Он вспыхнул, но ее уже не было в комнате. Нет, надо домой, сейчас встану, надену пиджак, надену все остальное и пойду домой. Шесть утра, трамваи уже пошли. Он представил, как едет один в утреннем промерзшем трамвае, ранним праздничным утром, абсолютно один — ведь все остальные еще празднуют, и ему стало тоскливо. Домой не хотелось. Болела голова, мутило, он посмотрел на стол, заставленный грязными тарелками, полупустыми бутылками, в остатках благородной рыбы торчал длинный бычок со следами помады. За окном шумела припозднившаяся компания, опять грохнула ракетница, только уже тихо и бессмысленно, как и все, что происходит после своего часа.
— Совсем затосковал? — спросила Нэля, входя в комнату. Она приняла душ и переоделась, на ней был длинный, в пол, халат, краску с лица она смыла, вид усталый, самоуверенный и домашний. — Иди в душ, полотенце висит слева. — Он послушно кивнул головой и вышел из комнаты.
(В ванной комнатке уютно и тесно, бабкиных вещиц не видно, только шампуни, кремы, дезодоранты, все Нэлино, Нэлино, Нэлино. Снять брюки, снять жилет, снять галстук и рубашку, снять плавки, открыть горячую воду, открыть холодную воду, направить душ на себя, горячо, горячо, но так надо, головная боль и тошнота уходят, я молод, я здоров, я впервые встречаю Новый год с женщиной, я люблю эту женщину, знает ли она об этом? Она только что принимала душ в этой же ванне, в этой же ванне и этой же ванной, вытиралась этим же полотенцем, оно еще влажное, большое, желто–красное, махровое полотенце, у нас дома есть такое же, только не желто–красное, а желто–синее, закрыть горячую воду, закрыть холодную воду, насухо вытереться, надеть плавки… — Ты закончил? — спрашивает из–за двери Нэля. — Возьми, — и протягивает ему тренировочные брюки и свитер, — твои вещи надо погладить, — Он опять краснеет. Боже, сколько можно краснеть от всего и везде, ни дня без покраснения, красный как рак, красный вареный рак в большом эмалированном тазу. Свитер маловат, но это ничего, трико же коротковато, но и это тоже ничего. Затереть за собой пол, и все. Он выходит из ванной. Нэля смотрит на него и начинает смеяться.)

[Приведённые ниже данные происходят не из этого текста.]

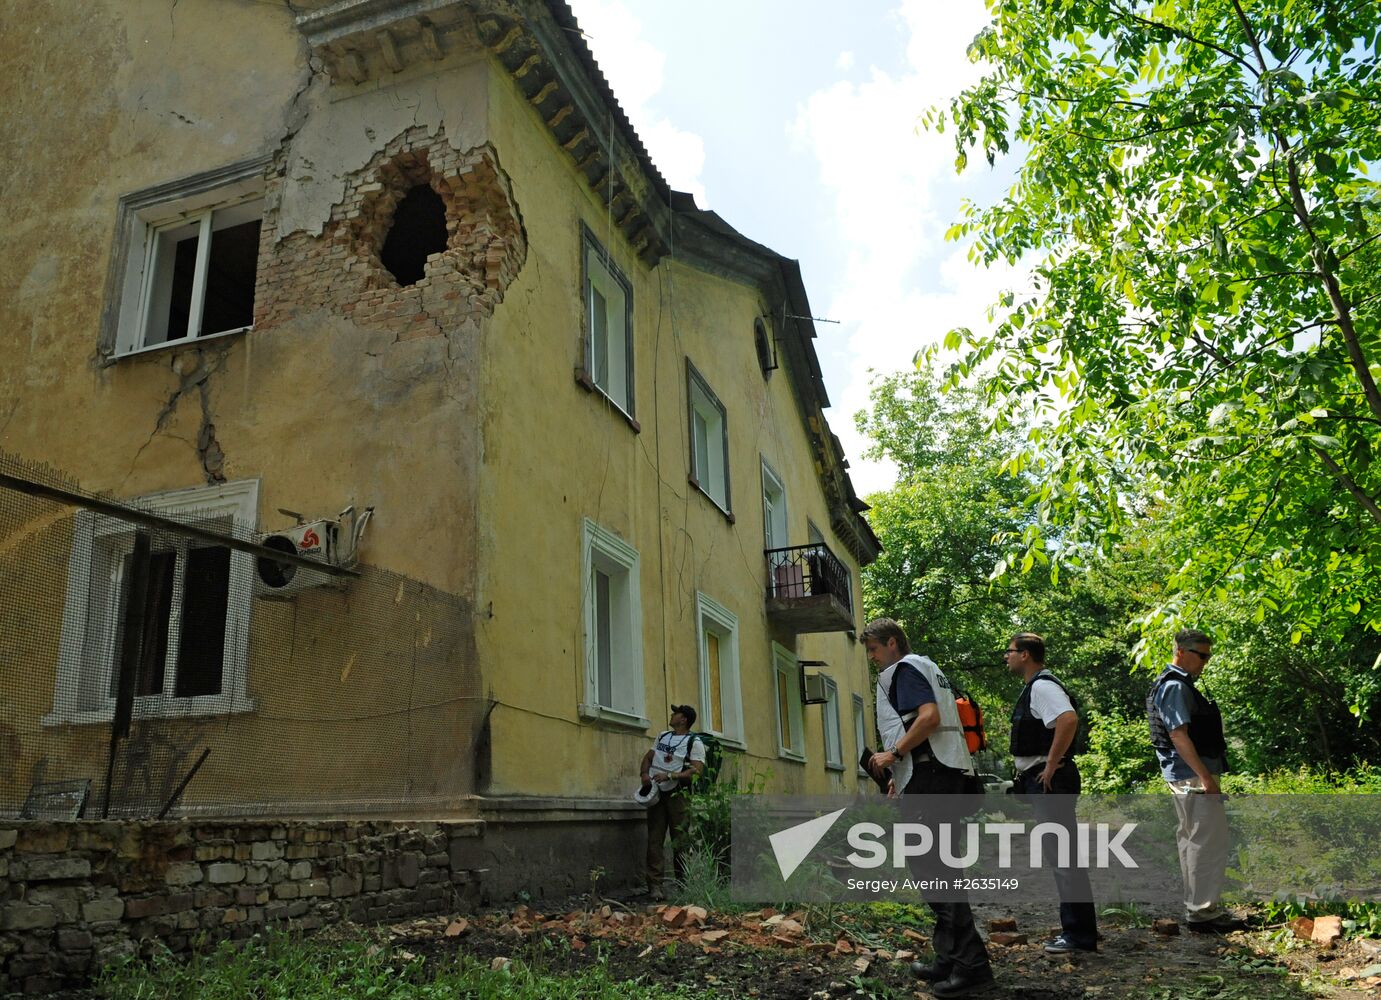 OSCE representatives arrive on site of shelling in Donetsk

Нэля смотрит на него и начинает смеяться. Абзац начинается с того же, чем кончается предыдущий. Тип–топ, прямо в лоб, прыг–скок, на лужок. Стол накрыт заново. Как она быстро все делает. Быстро и красиво. Две чистых тарелочки да две чистых рюмочки. Початая бутылка водки. Жареная картошка прямо на сковороде. Свеженарезанный хлеб.
— Продолжим спаивание малолетних, — улыбается Нэля и разрешает: — Можешь выпить две рюмки. — А ты? — И я выпью две рюмки.
Она хорошо улыбается, у нее такая славная, добрая улыбка. Халат плотно затянут в талии, волосы еще не просохли после душа. Долой прическу, долой черное, переливающееся платье. Новый день, и все по–новому. — Ну что, — спрашивает она его, опустошив вторую рюмку водки, — будем спать? — Встает, идет к кровати, расправляет постель. Он сидит, смотрит на нее и чувствует, что все тело цепенеет, а сам он опять залит красной краской, все тот же дурацкий, красный вареный рак в эмалированном тазу. — Выключи свет, — не поворачиваясь, низко склонившись над кроватью, просит Нэля. Он на негнущихся ногах подходит к выключателю и щелкает им, а потом, не раздеваясь, идет к кровати. — Ты хоть разденься, дурень, — грубым голосом говорит Нэля. Он снимает трико, стягивает тесноватый свитер и садится на край постели. Слышно, как Нэля снимает халат. — Дай руку, — просит она. Он дает ей руку и чувствует, как она кладет ее себе на голую грудь. Наступает пауза.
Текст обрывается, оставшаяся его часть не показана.